Product Description
Why do so many smart, career-oriented, even ardently feminist women end up with nearly sole responsibility for running their households and raising their children? Why does it happen even in couples who had promised to share that work equally? Kidding Ourselves traces the decisions that women and men make—usually unwittingly—before and after marriage, and especially after the birth of a child, that lead inevitably to an old-fashioned division of labor at home. It also explains why change is necessary. As long as nearly all men devote themselves first and foremost to paying work, they will on average outearn women, who reduce their hours and travel in their paying job once they have a child. With this groundbreaking book, Rhona Mahony suggests practical ways to bring men into child raising and end the unfair burden of women’s second shift.
Average Customer Review:
4 of 4 people found the following review helpful:
Very informative, with good advice, 2001-11-08
It's too bad that this book is out of print and
(to judge by the few reviews) apparently not widely-read.
It provides what are perhaps the first and only
published guidelines for working toward economic and
political parity in marriages where there is a
part-time or full-time stay-at-home mom. Buy this
book first, before you read all the other books
on transitioning fronm workplace to home.
2 of 3 people found the following review helpful:
A MUST for young women planning work and a family, 2000-05-02
This book is an excellent combination of empirical research, helpful anecdotes, and forward thinking. I wish that I had read this book at the start of my career. Perhaps I would have made the same decisions, which were largely based on emotions and "good faith." But reading this book would have provided a healthy dose of rationality as well as helpful warning signs to watch out for when facing the challenges of balancing career and family life.
7 of 7 people found the following review helpful:
The thinking woman's baby shower gift, 1999-09-21
This is a stellar book and will especially resonate with women who have studied economics, law or negotiation. Mahony uses common frameworks (for instance, BATNA - best alternative to no agreement) to analyze the day to day choices parents make. She comes up with some powerful suggestions for change. Don't "marry up" if you want a career, marry someone who will not make as many professional demands on your family life -- maybe someone who makes less money. There's a radical idea for most professional women. Buy this for your feminist MBA friends.

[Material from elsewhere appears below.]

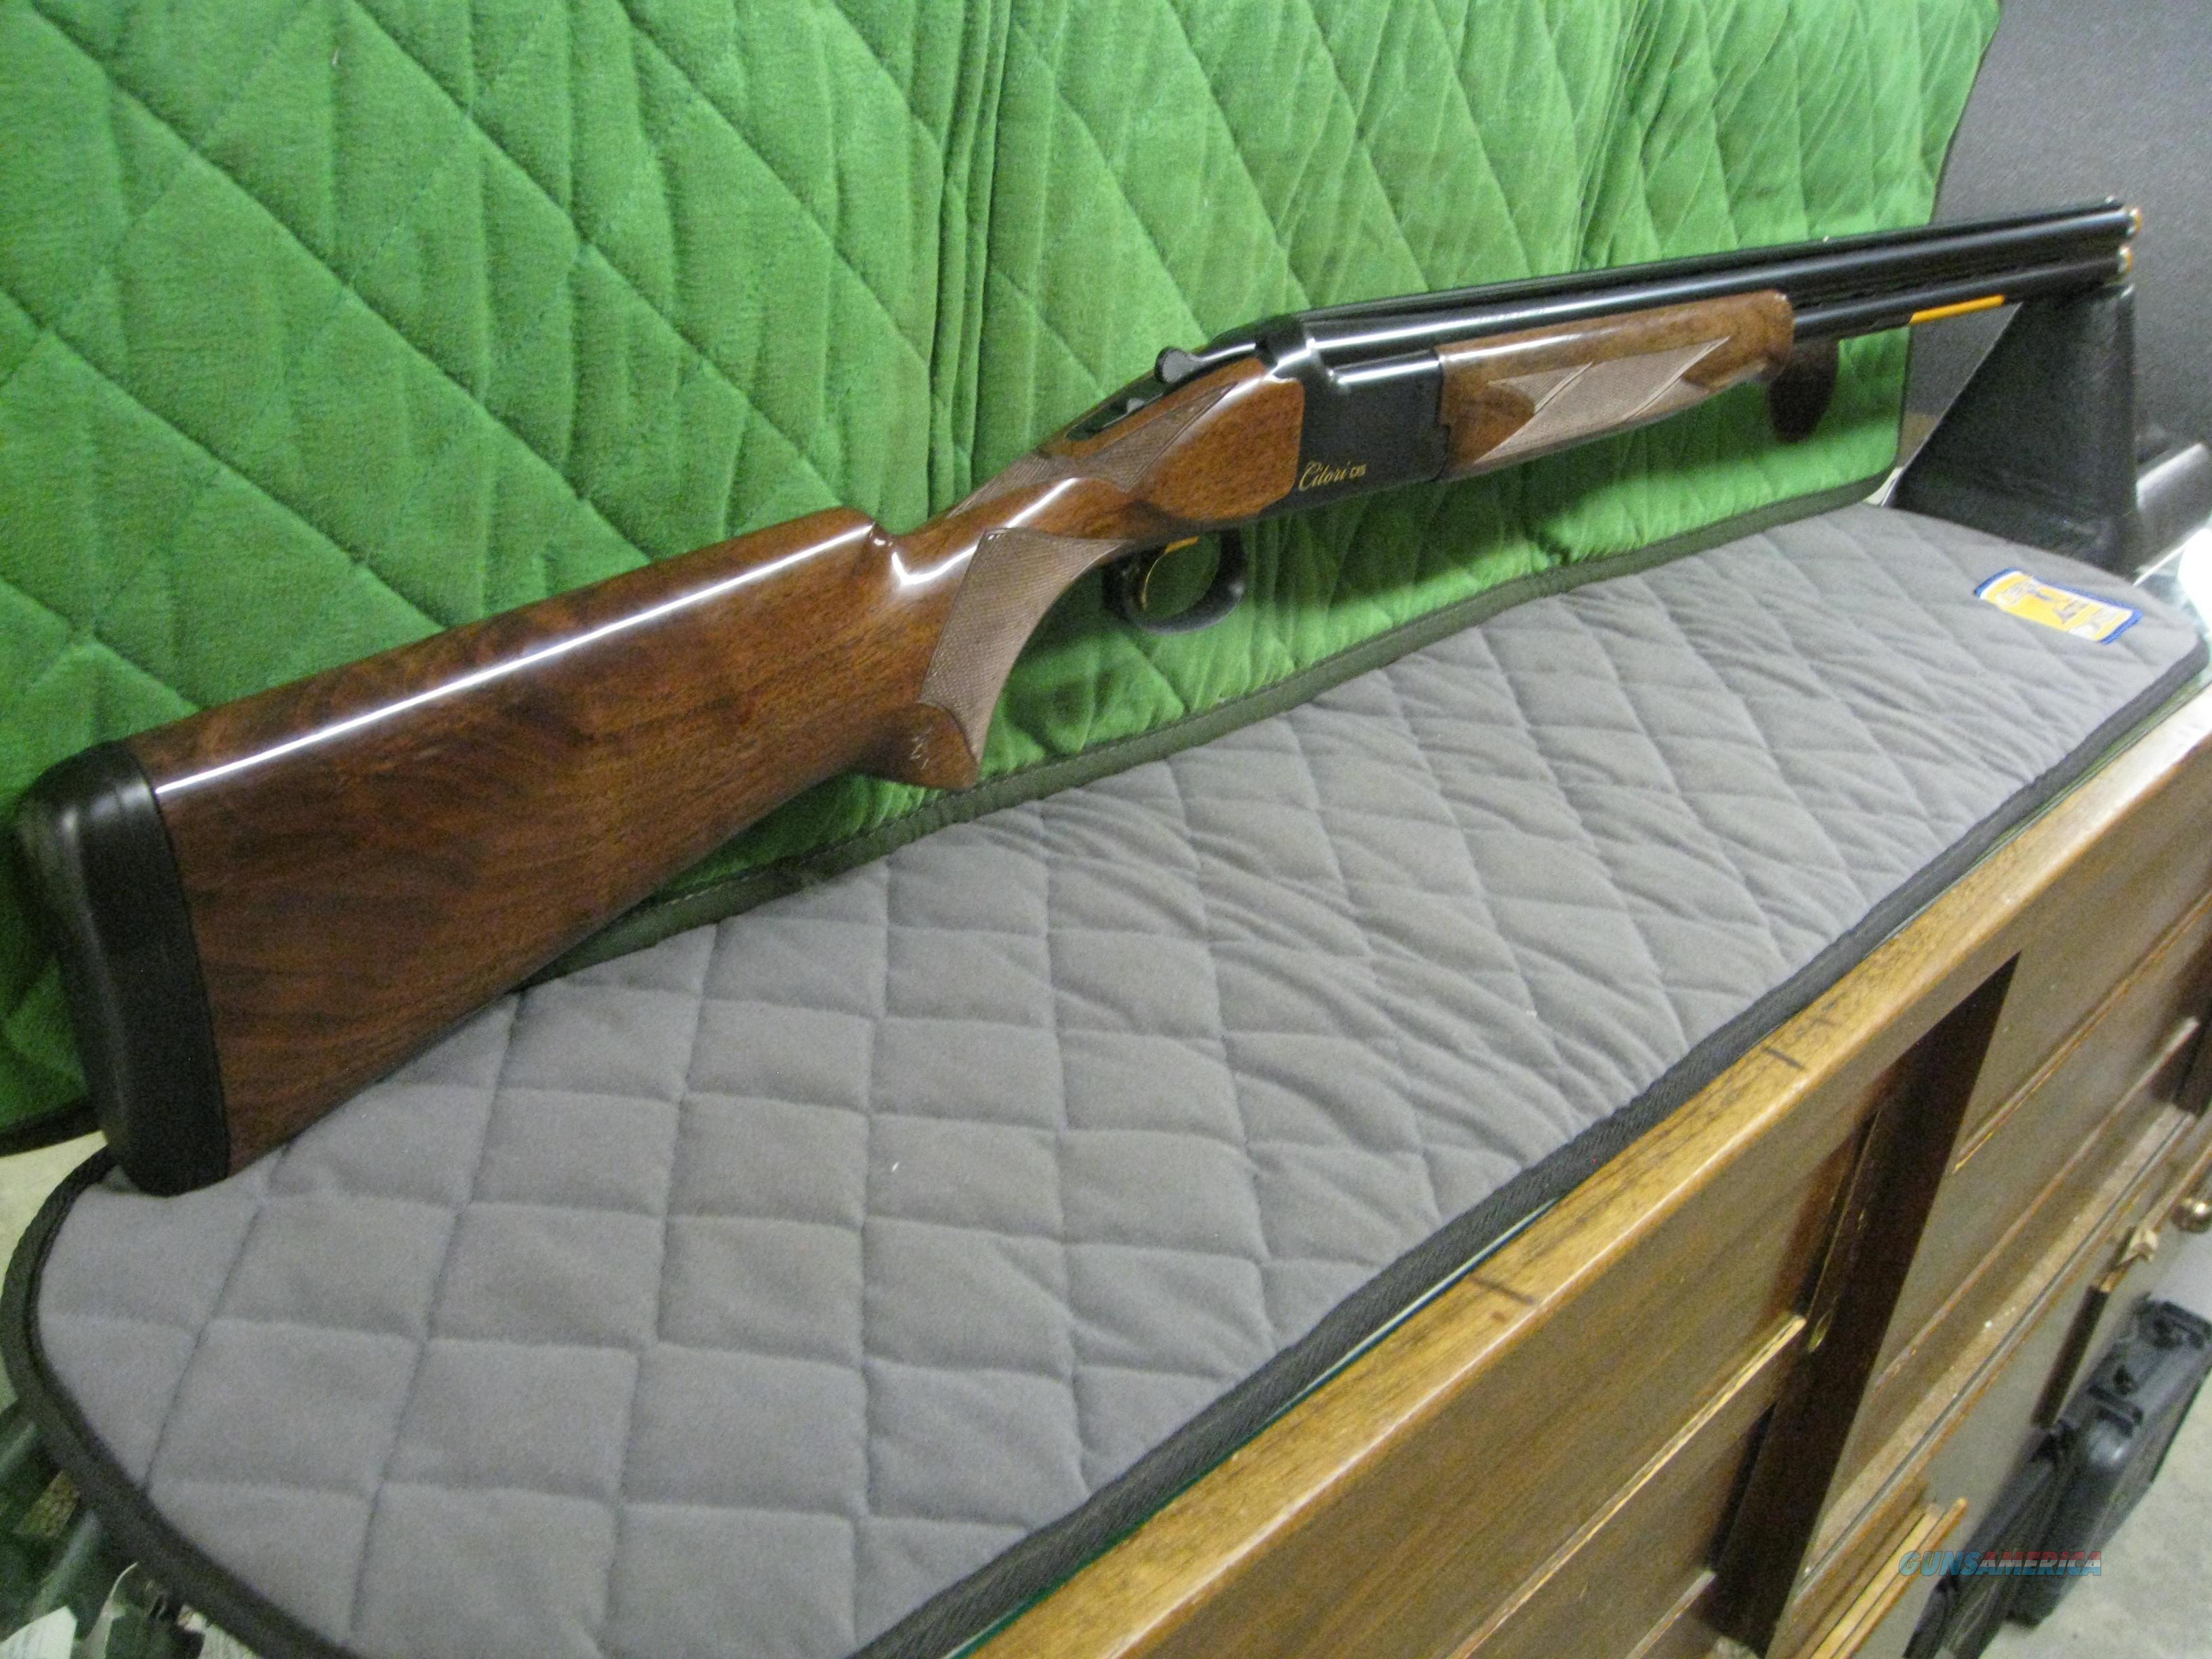 Browning Citori CXS 28 Inch  **NO CC FEES** 018073304  Guns > Shotguns > Browning Shotguns > Over Unders > Citori > Trap/Skeet

8 of 8 people found the following review helpful:
Good book to make you think - whether you agree or not, 1997-11-15
This starts a dialogue on some of the issues facing dual earner couples. Clearly geared toward the 35-45 year old crowd. Younger women may feel alienated by some of the assumptions that she makes. A great place to start looking at some of the issues yourself, whether or not you agree with her final analysis. For those brought up in a milieu that expected women to do primary parenting, this will be shocking and controversial. She argues that a main issue is whether or not women will let men take care of children. Whether you agree or not with the outcome - she brings up questions that we all should be asking ourselves about the nature of "fairness" and "gender equality vs equity" - as well as who is really holding back women now?